上述检测方法在另一种实施方式中,在步骤2)中,每孔分别加标准品或待测样本80-120μL,轻轻晃动混匀,覆上板贴,37℃温育1.5-2.5小时;弃去液体,甩干,不用洗涤;每孔加生物素标记抗体工作液80-120μL,覆上新的板贴,37℃温育0.5-1.5小时;弃去孔内液体,甩干,洗板2-4次,每次浸泡1-3分钟,150-250μL/每孔,甩干;每孔加辣根过氧化物酶标记亲和素工作液80-120μL,覆上新的板贴,37℃温育0.5-1.5小时;弃去孔内液体,甩干,洗板4-6次,每次浸泡1-3分钟,150-250μL/每孔,甩干;依序每孔加底物溶液80-100μL,37℃避光显色15-30分钟;依序每孔加终止溶液50μL,终止反应。
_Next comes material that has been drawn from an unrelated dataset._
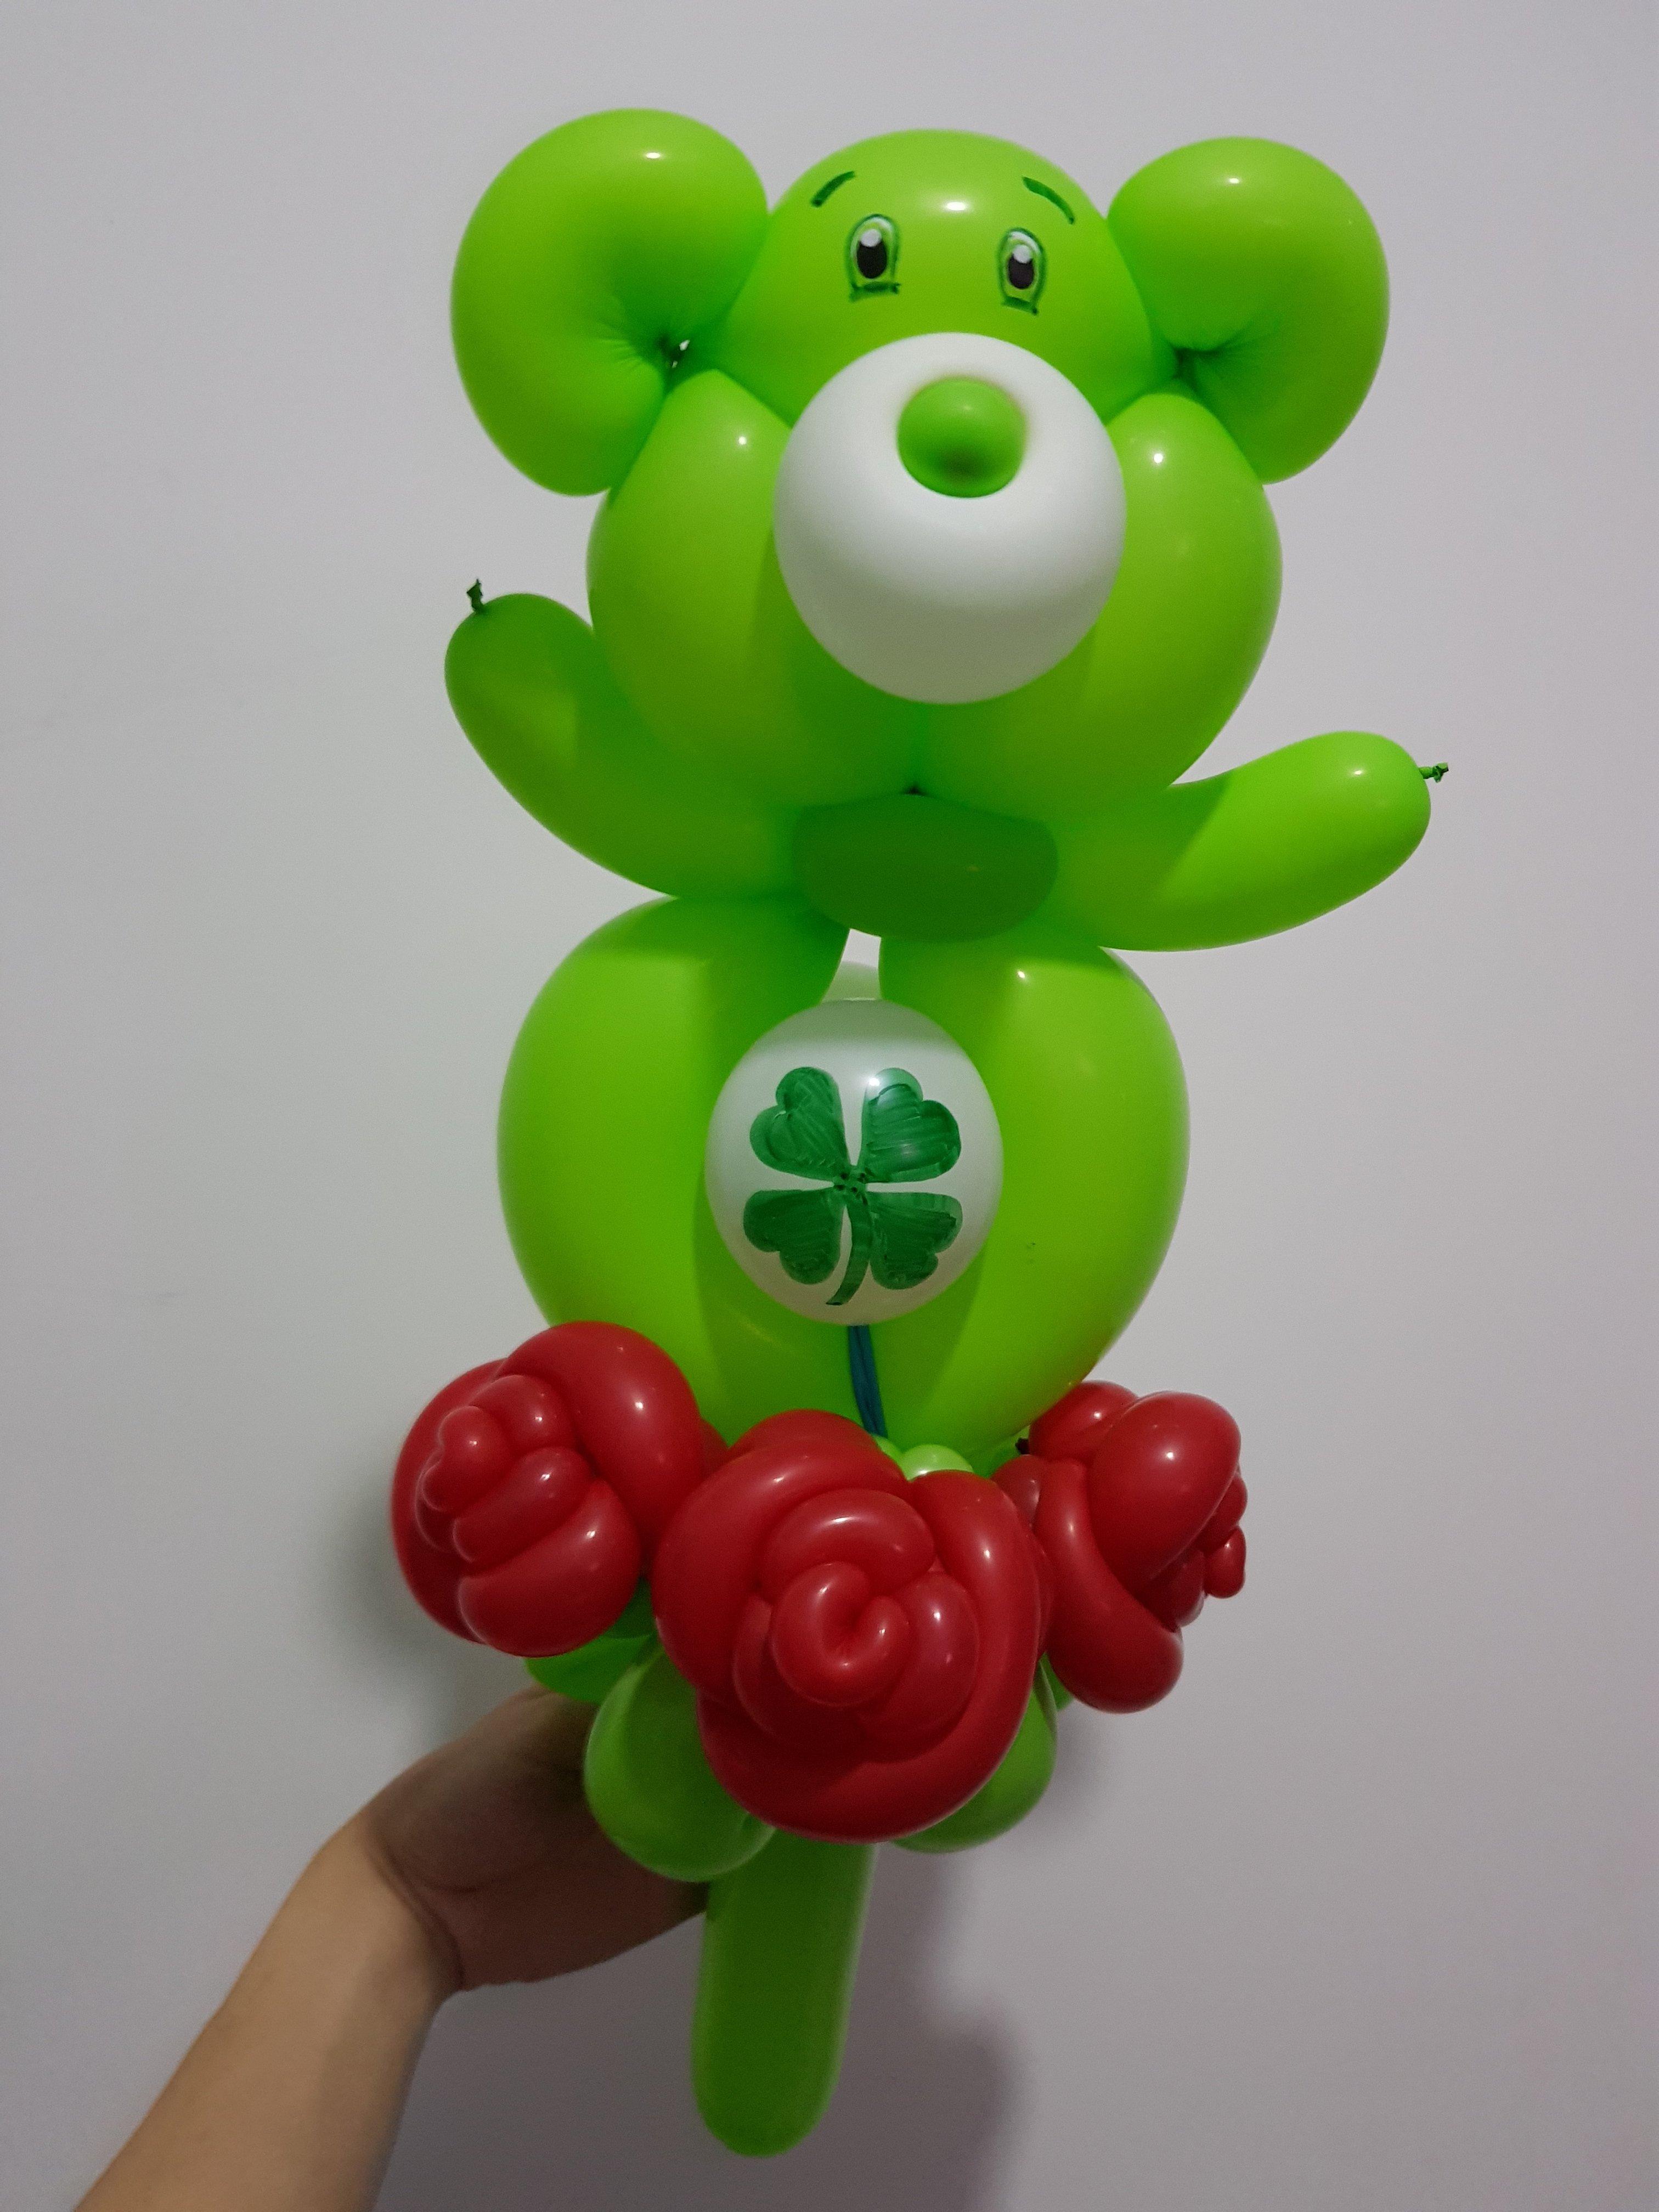 , Care Bear balloon sculptures, Singapore Balloon Decoration Services - Balloon Workshop and Balloon Sculpting

上述检测方法在另一种实施方式中,在步骤2)中,每孔分别加标准品或待测样本100μL,轻轻晃动混匀,覆上板贴,37℃温育2小时;弃去液体,甩干,不用洗涤;每孔加生物素标记抗体工作液100μL,覆上新的板贴,37℃温育1小时;弃去孔内液体,甩干,洗板3次,每次浸泡2分钟,200μL/每孔,甩干;每孔加辣根过氧化物酶标记亲和素工作液100μL,覆上新的板贴,37℃温育1小时;弃去孔内液体,甩干,洗板5次,每次浸泡2分钟,200μL/每孔,甩干;依序每孔加底物溶液90μL。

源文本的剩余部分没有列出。